NETHERLANDS - Dutch minister of social affairs and labour Piet Hein Donner has confirmed he will allow pension funds with a funding shortfall - now approximately half of all Dutch funds -  to have up to five years to bring their solvency ratios up to 105%, rather than the three years the Dutch Pension Ac currently prescribes.

“The legal recovery period of three years will be temporarily extended to maximum five years. Pension funds, however, must be able to indicate what they intend to do if over the next few years it should become clear that they will not succeed in bringing their reserves up to the required level,” said the department of social affairs and labour in a statement on Friday.
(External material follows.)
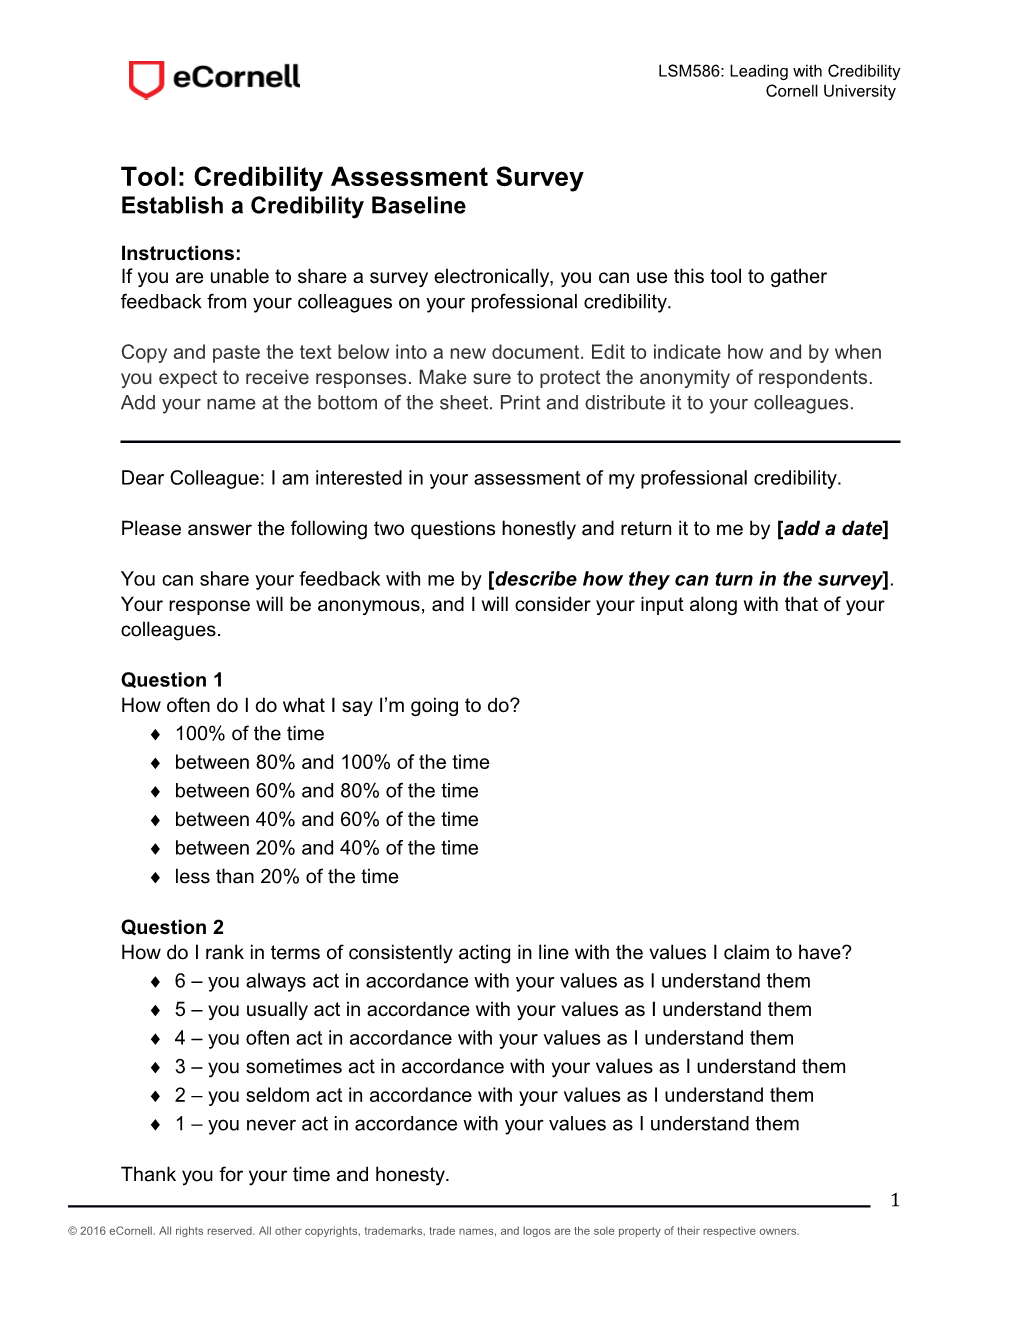 Tool: Credibility Assessment Survey

“By adopting a longer recovery period, the Cabinet is hoping to prevent pension funds from having to hastily and unnecessarily lower pension benefits. At the same time, this will prevent matters from being left unattended for too long, especially in the case that financial and economic conditions should deteriorate,” it confirmed.

That said, pension schemes with a solvency ratio of 90% or less, the number of which is estimated at around sixty, may find this ‘grace period’ is enough to prevent them having to take painful measures.

The metal industry’s pension arrangement, in particular, may be in trouble.

Union leader Jan Berghuis has called the limited extension granted by minister Donner “a disaster” and argued: “This means that there will be no indexing for years to come and pension entitlements will also likely be cut.”

He has rejected the minister’s plans as “unacceptable” and called for a longer recovery period by arguing: “If our pension funds get more time to recover, more than the five years that Donner has offered, then we can save out pension schemes and we’ll also be able to index at least partway, as of 2010,” said Berghuis.